25 juin 2006
Paris, je t'aime
N'étant pas fan des courts métrages, ma premiére impression sur cet ensemble de courts est que c’est un projet brouillon qui donne matière à de très bons films. Chaque court nous laisse un peu sur notre faim, on attends toujours une suite, un développement de l’histoire.
La qualité des courts n’est pas non plus équivalente. Certains sont vraiment vides de sens tout comme de sentiments (pourtant c’est d’amour qu’on parle ici) alors que d’autres sont de vraies petites perles. Mais on sent la passion de chaque réalisateur, sa volonté de nous transmettre quelque chose qui lui tient bien à cœur.
Les courts qui m’ont marquée:
Place des fêtes d’Olivier Schmitz.
Ce court a fait verser quelques larmes dans la salle, dont les miennes. Le seul court de cet ensemble qui raconte vraiment une histoire « complète ». On commence par un plan serré sur Saydou Boro. A première vue il a du se souler, ce personnage parait antipathique. Une femme vient l’aider. Il semblerait qu’ils se connaissent. Génial, encore une histoire d’amour qui se termine par de plates excuses. Non ! La caméra fait un zoom en arrière et on découvre qu’une ambulance est là, la femme est infirmière.
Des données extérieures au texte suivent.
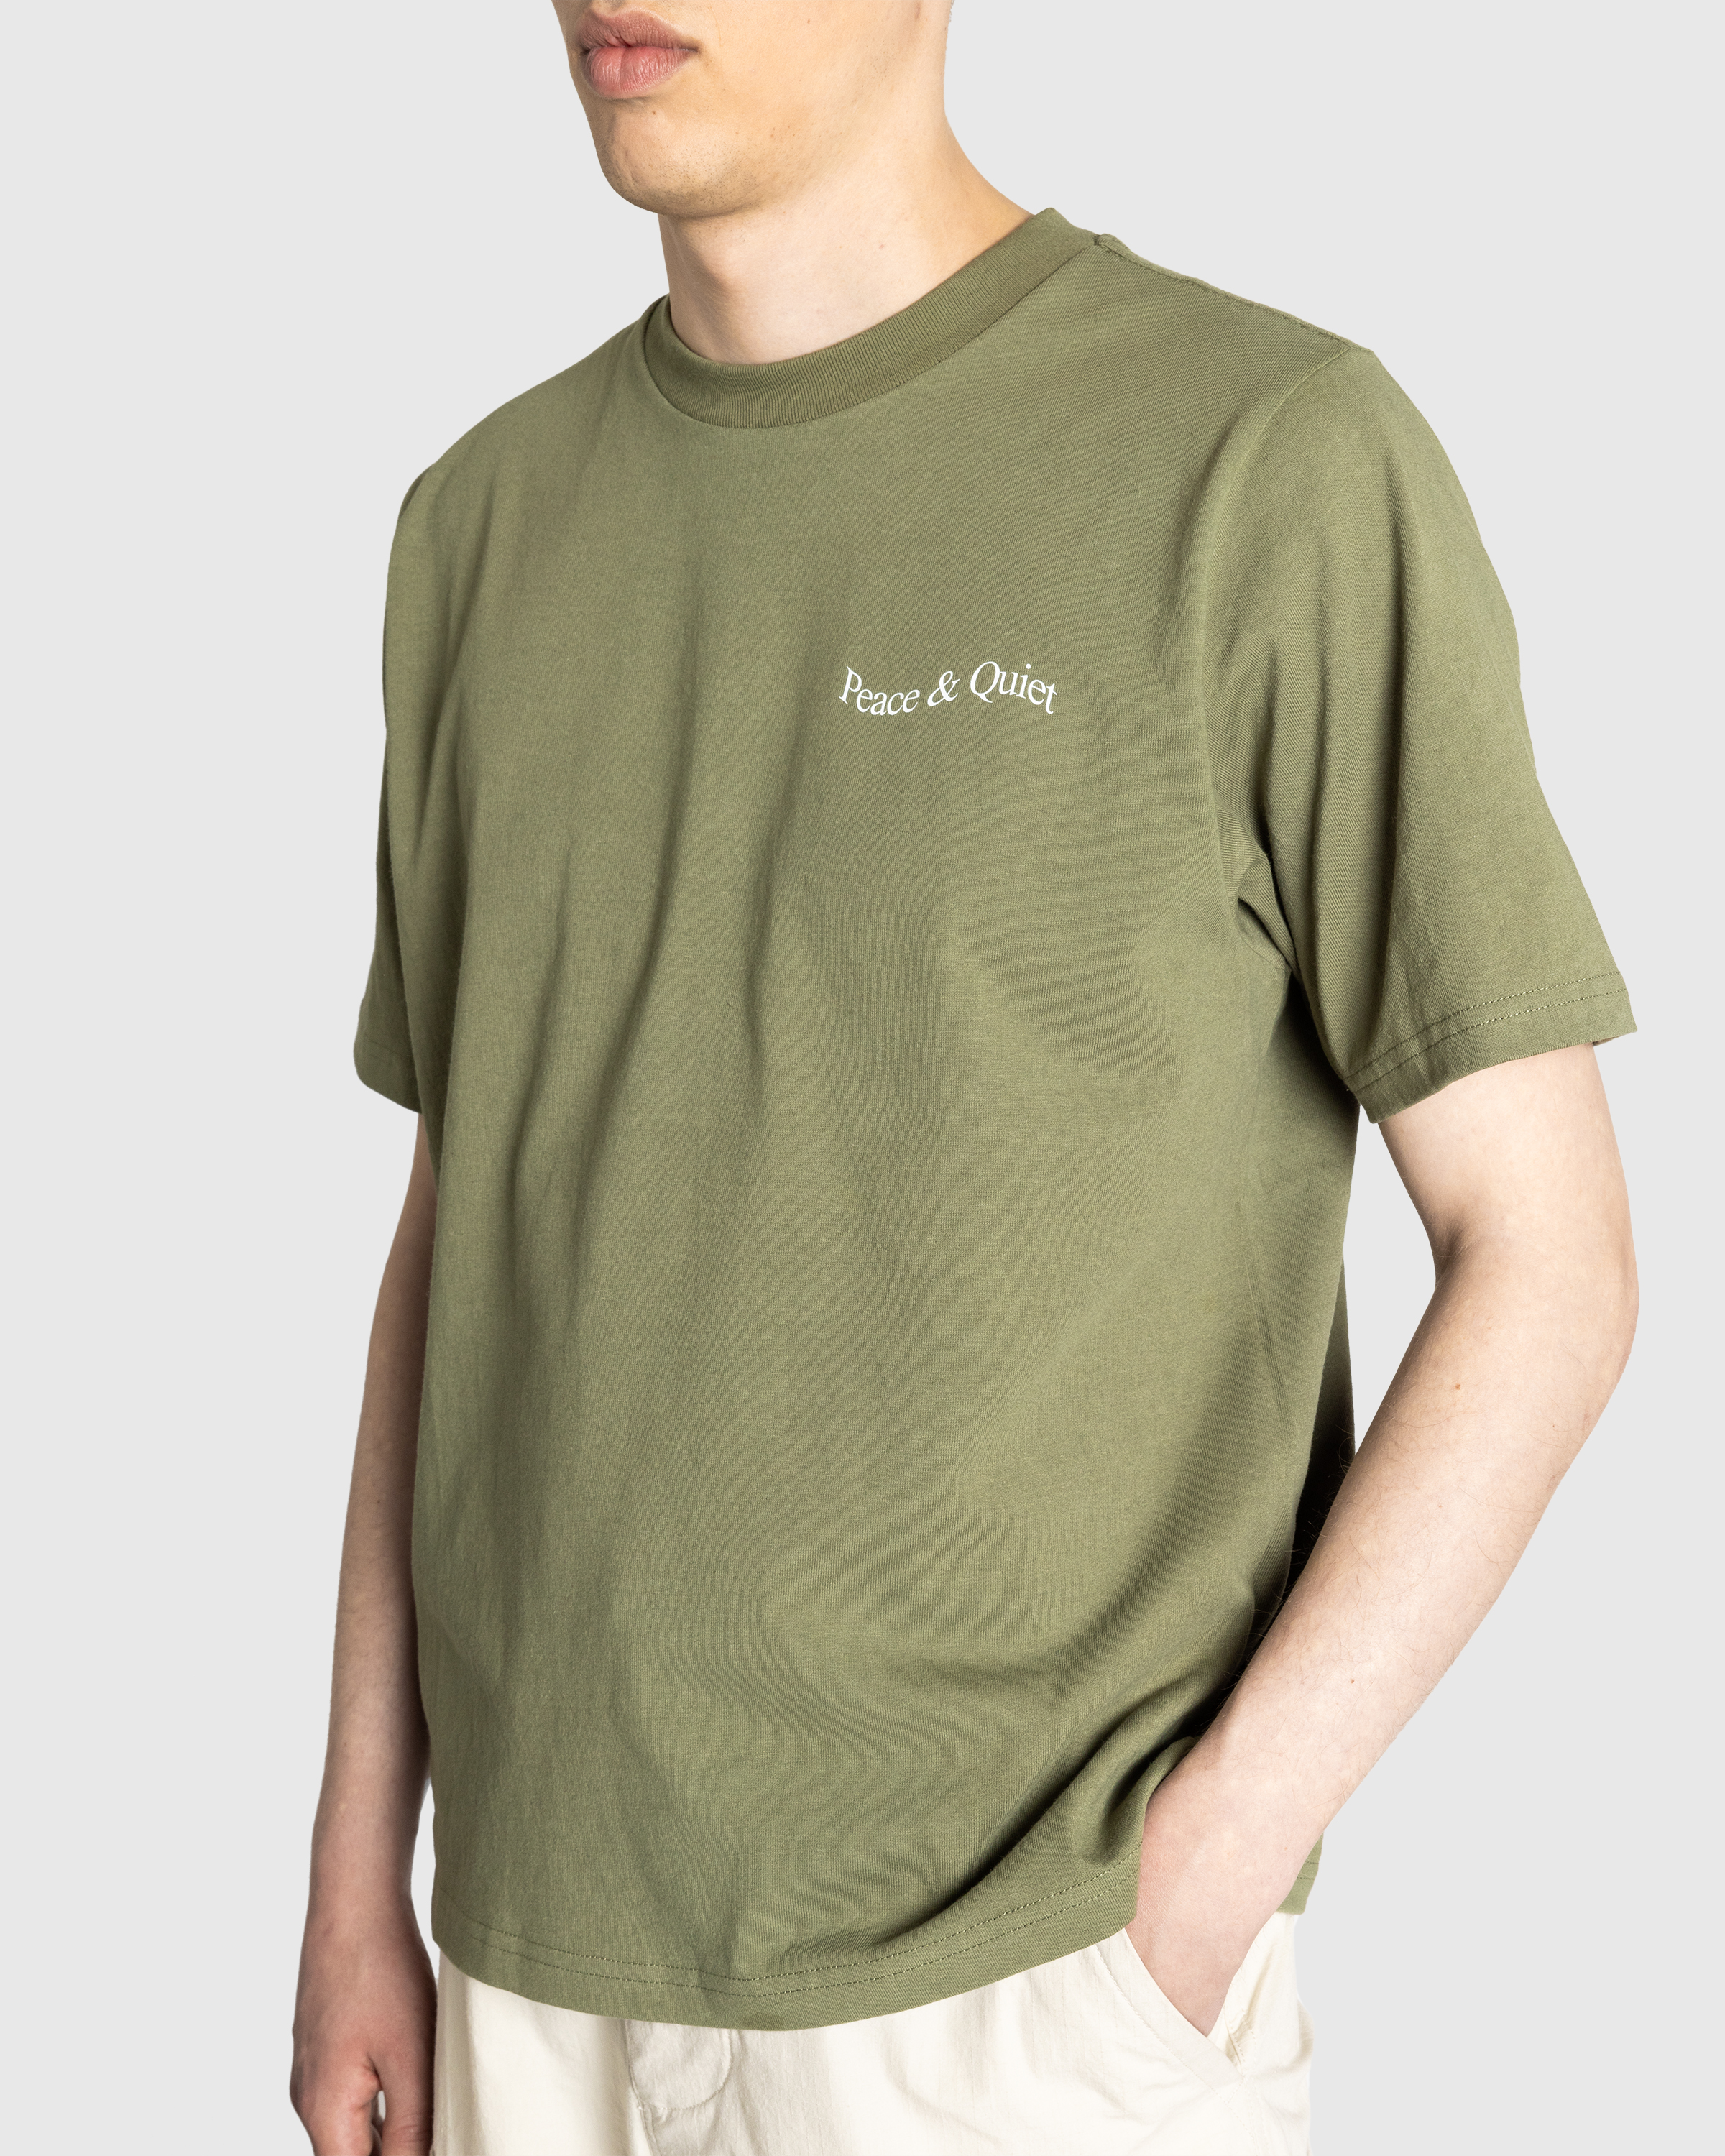 Museum of Peace & Quiet – Wordmark T-Shirt Olive - T-Shirts - Green - Image 5

L’histoire fait un zoom en arrière et on apprend le destin tragique de cet homme dont la vie tourne mal en l’espace d’une rencontre. Le déplacement vaut rien que pour cette histoire dont je ne vous dévoilerais pas plus.
Faubourg Saint-Honoré de Tom Tykwer.
Premier grand atout de ce court : Natalie Portman toujours aussi merveilleuse comme à son habitude. Ensuite, son réalisateur qui certes ne réinvente pas les histories d’amour mais peut être la façon de les narrer. Le court commence bien évidemment par la rencontre de ses protagonistes et s’accélère vers la fin pour arriver à un rythme d’une cadence incroyable. Raconté du point de vue de Melchior Beslon qui interprète le petit ami aveugle de Natalie Portman, on assiste à ce qu’il a vécu avec sa bien aimée depuis leur rencontre. C’est une répétition d’événements (ses rires, ses colères, ses cris « avec ou sans raison », etc.). Un moment de cinéma marquant qui rappelle un peut le début de L’Auberge Espagnole.
Le marais de Gus Van Sant
Pour ce court il n’est pas indispensable d’annoncer son auteur. On reconnaît d’emblée la particulière façon de filmer de Gus Van Sant, ainsi que sa manière de diriges ses acteurs. Rythme plus posé que pour les autres courts et performance d’acteurs quelque peu plus théâtrale (mis a part la séquence de mimes du court Tour Eiffel). Gaspard Ulliel y fait un monologue assez prenant, pas étonnant qu’Ellias McConnel (vu dans Elephant) n’y resiste pas.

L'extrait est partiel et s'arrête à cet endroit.